Kevin Messing plants 12 heritage bean varieties on 30-inch rows, which he then sells to restaurants in the Detroit area. Photo courtesy of Kevin Messing
A pre-emergent herbicide is used at planting time, but the remaining weed control is mechanical with two cultivators – an Alloway and a Hiniker. Messing cultivates two or three times depending on weather conditions and how long it takes the beans’ canopies to develop.
At harvest time, he mows the beans with a Pickett one-step rod cutter. The machine pulls and windrows the beans in a single pass. Messing then picks up one row of beans at a time with a Lilliston combine.
“These are easy machines to open up and clean out in between, so even growing 10 different bean varieties, it’s not too bad,” he said. It takes him only about 15 minutes to clean out the combine between varieties with very little cross contamination.
Sheridan Acres’ pinch point is in cleaning the beans, and it has been difficult to find affordable equipment at the right scale. Messing started with a wooden Clipper 2B cleaner, but this had its limitations; it only removed the small debris and blew out the light materials. The beans then needed to be hand sorted in order to ensure a quality product free of split beans, rocks and other dirt.
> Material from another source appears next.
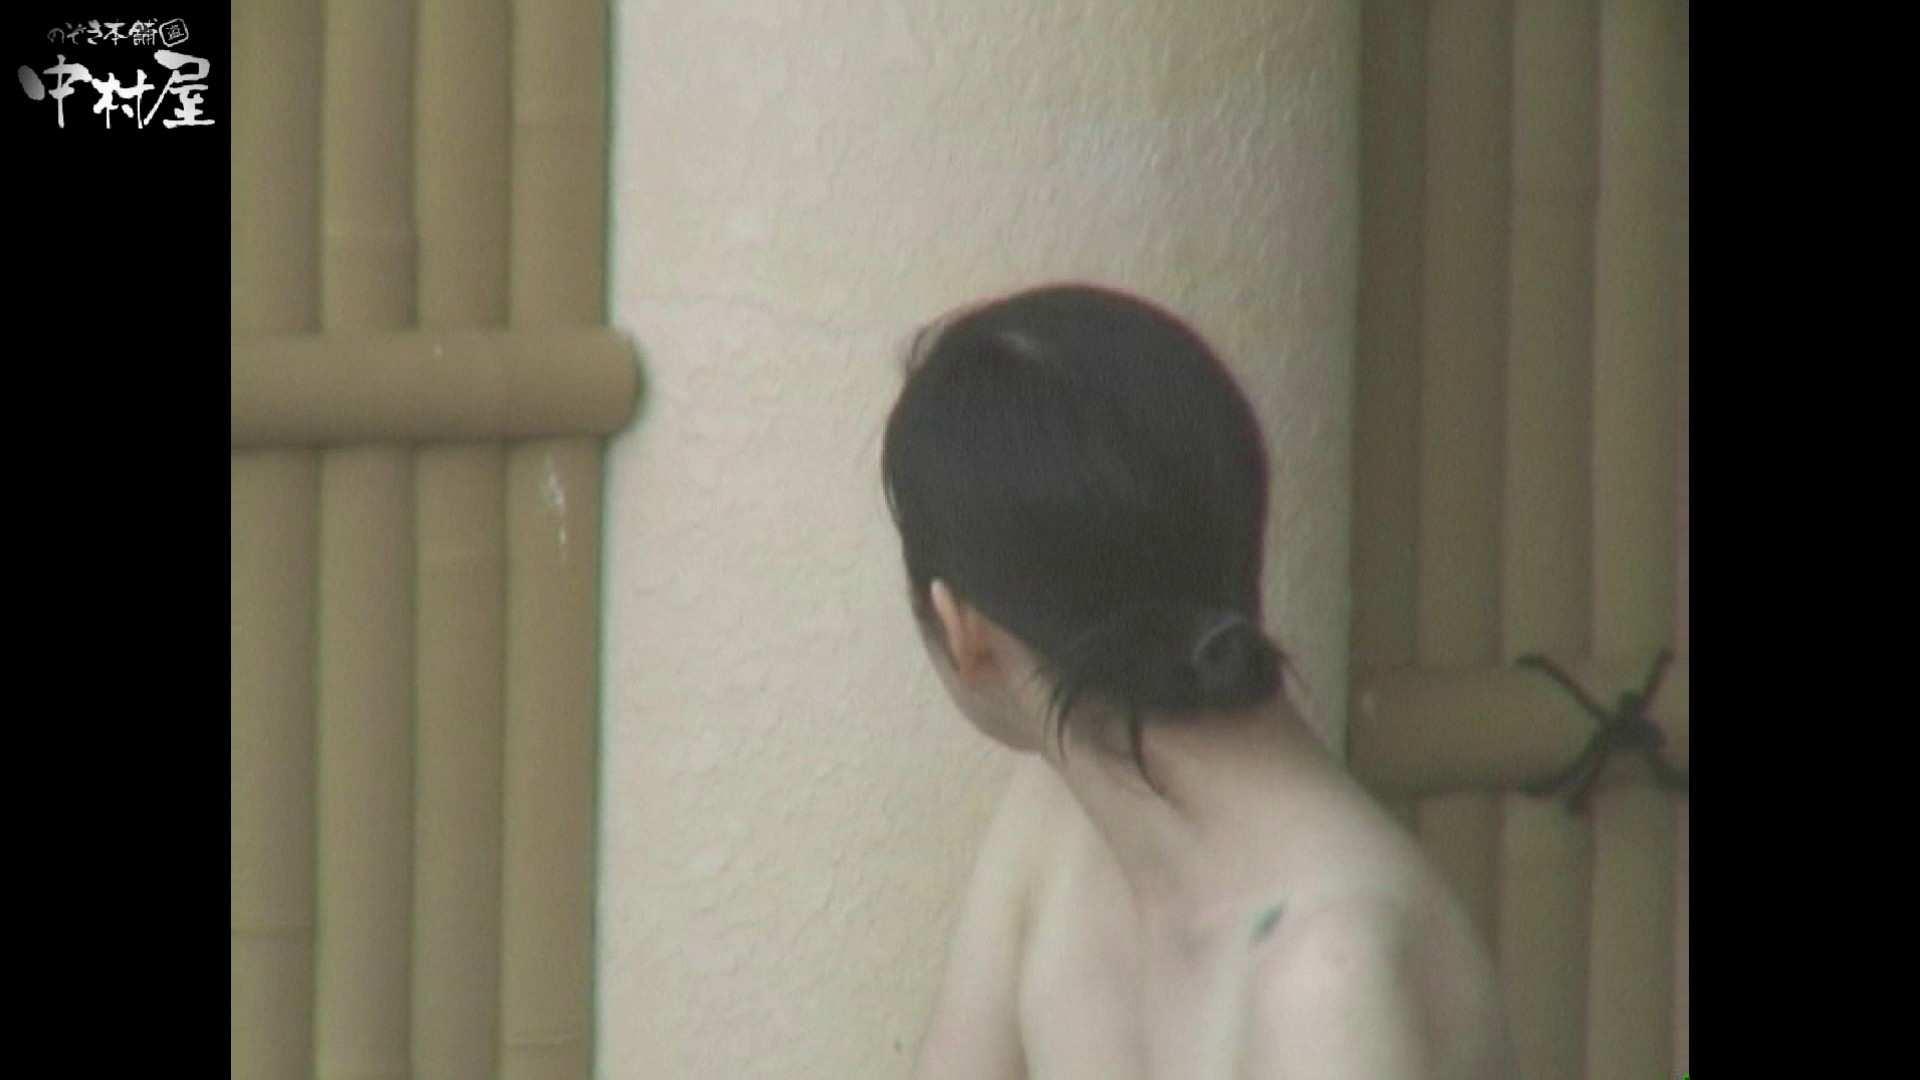 Aquaな露天風呂Vol.942 0   0  92pic 26

For cleaning, he now uses a metal Clipper 2B fanning mill which saves him 10% to 15% in time compared to the wooden mill; he still needs to hand sort.
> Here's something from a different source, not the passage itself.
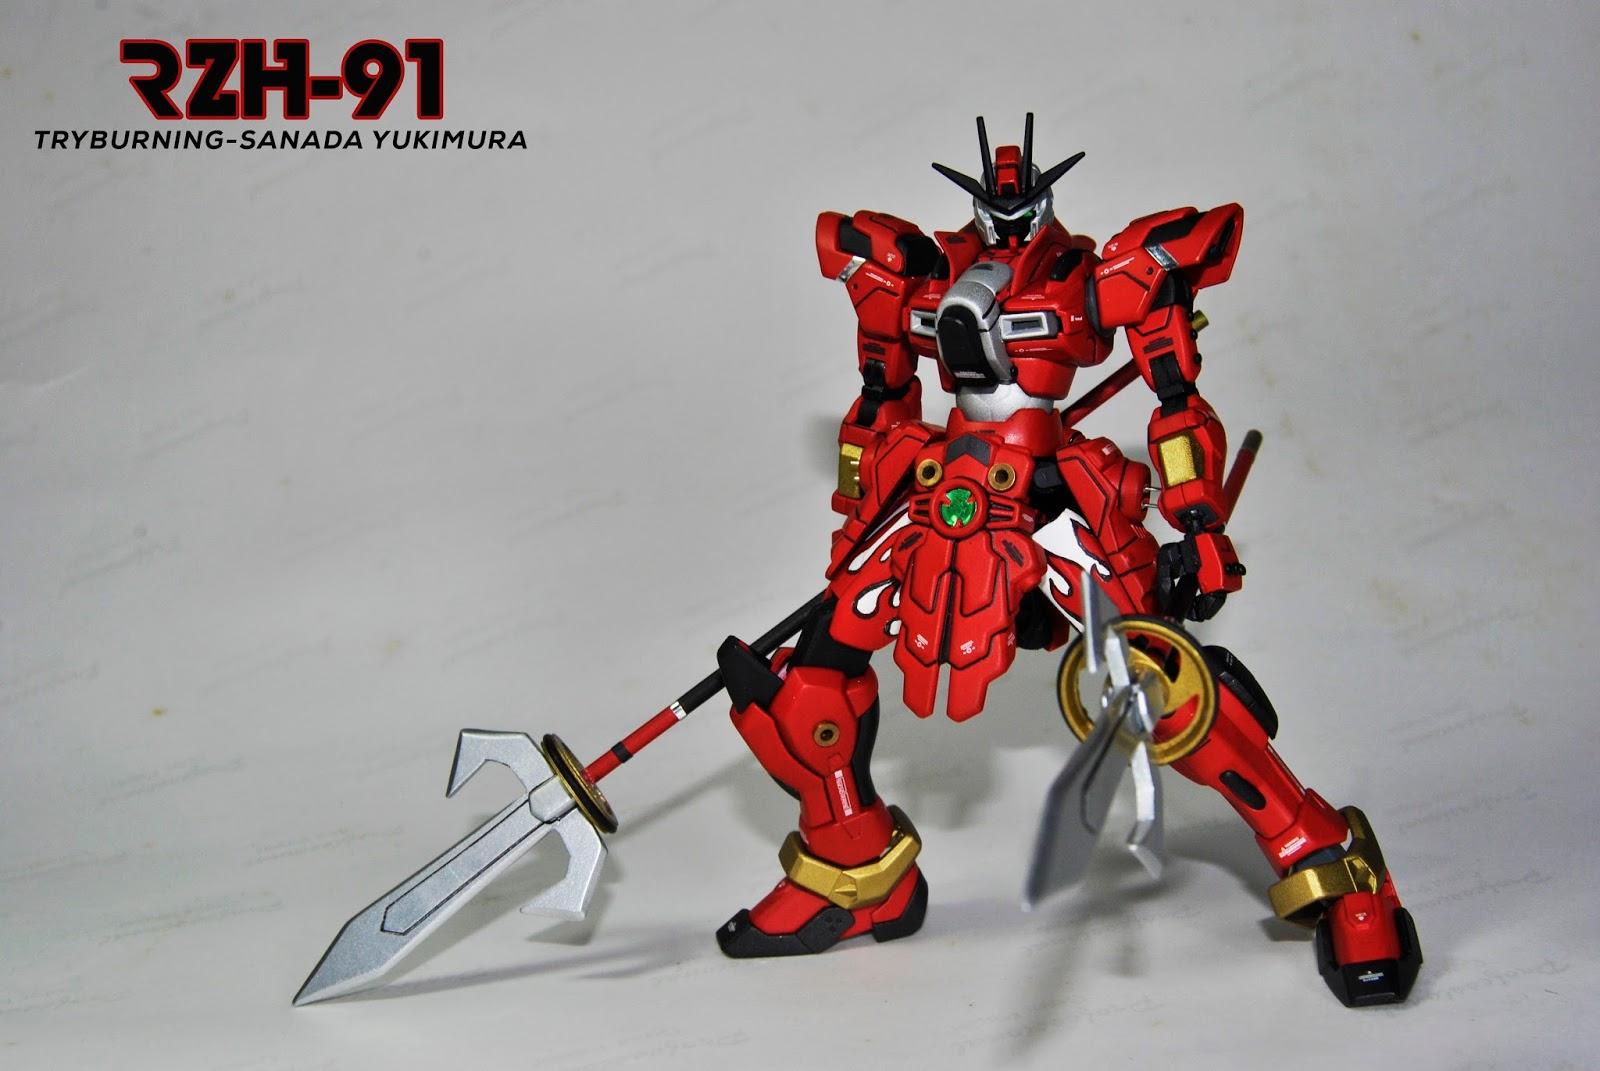 Custom Build Hgbf 1 144 Try Burning Gundam Sanada Yukimura Kits Used

Messing said, “At the end of the day, they’re essentially the same machine, but the newer one does it more efficiently.”
His goal is to eventually have two fanning mills in operation – one to scalp and take out the dirt and the other to sort out the split beans. (He has a tempeh customer who can utilize splits.)
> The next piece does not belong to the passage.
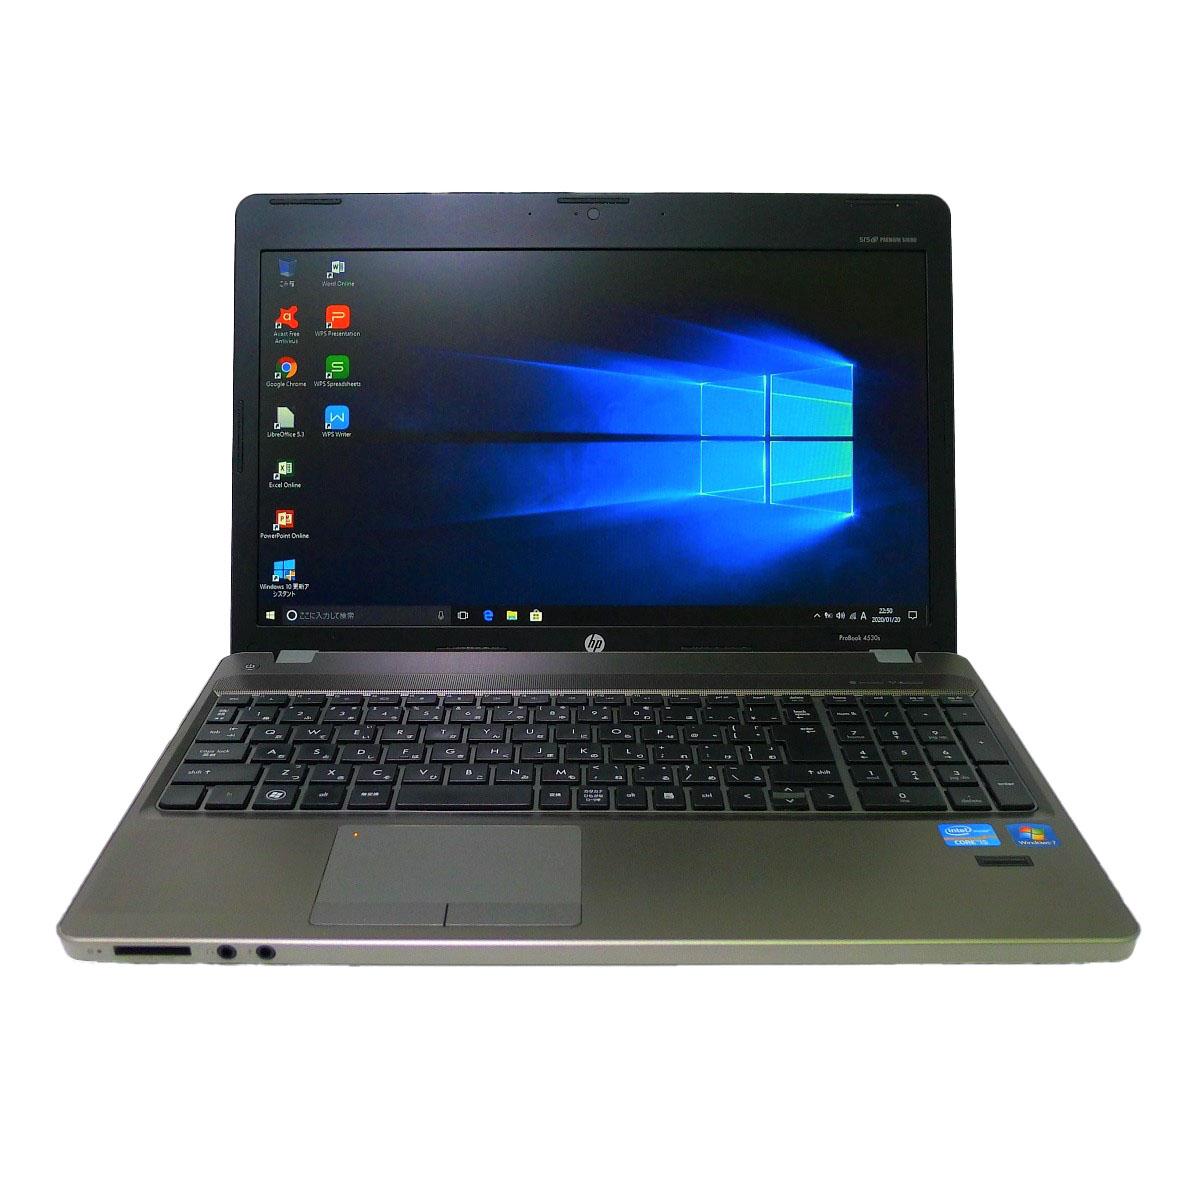 【通販激安】 HP ProBook 4530sCore i5 8GB 新品SSD4TB スーパーマルチ 無線LAN Windows10 64bitWPSOffice 15.6インチ  パソコン 【】 ノートパソコン, 金木町 1cb5dac2

After six years of growing beans, he’s also finally located some appropriately-scaled used equipment: a Forsberg AS destoner, Forsberg 6B and 10M gravity tables and a Crippen J18 polisher. He’s working on rebuilding the equipment, but it’s still a work in progress. With this equipment, he expects he’ll be able to clean about 1,000 to 2,000 pounds of beans per hour, which exceeds his needs at this point but allows room for expansion should he increase acreage.
Currently, the majority of the dry beans are still sold to chefs in the Detroit area. Messing deliberately chose restaurants in the beginning because he and his wife have off-farm jobs and two young children and didn’t want the time commitment farmers markets require. It’s been a hustle to sell the increased quantities of beans, requiring many cold calls, slowly building relationships and dropping off samples at restaurants. During COVID, he also set up a simple e-commerce site and now sells about 20% of the crop to online customers.
Messing’s goal is to sell an entire year’s crop within a year of harvest. According to him, dry beans change in moisture content over time and therefore take longer to cook. Their colors also tend to darken over time.
“A bean, right at harvest time, they have the best, brightest color that cooks so fast. My goal was to deliver that to as many people as possible,” he said.
He’s also just really happy to carry on Michigan’s and his family’s bean growing traditions. “I love all beans. I eat all beans,” he said. “But the variety in the heirloom beans makes it a lot of fun.”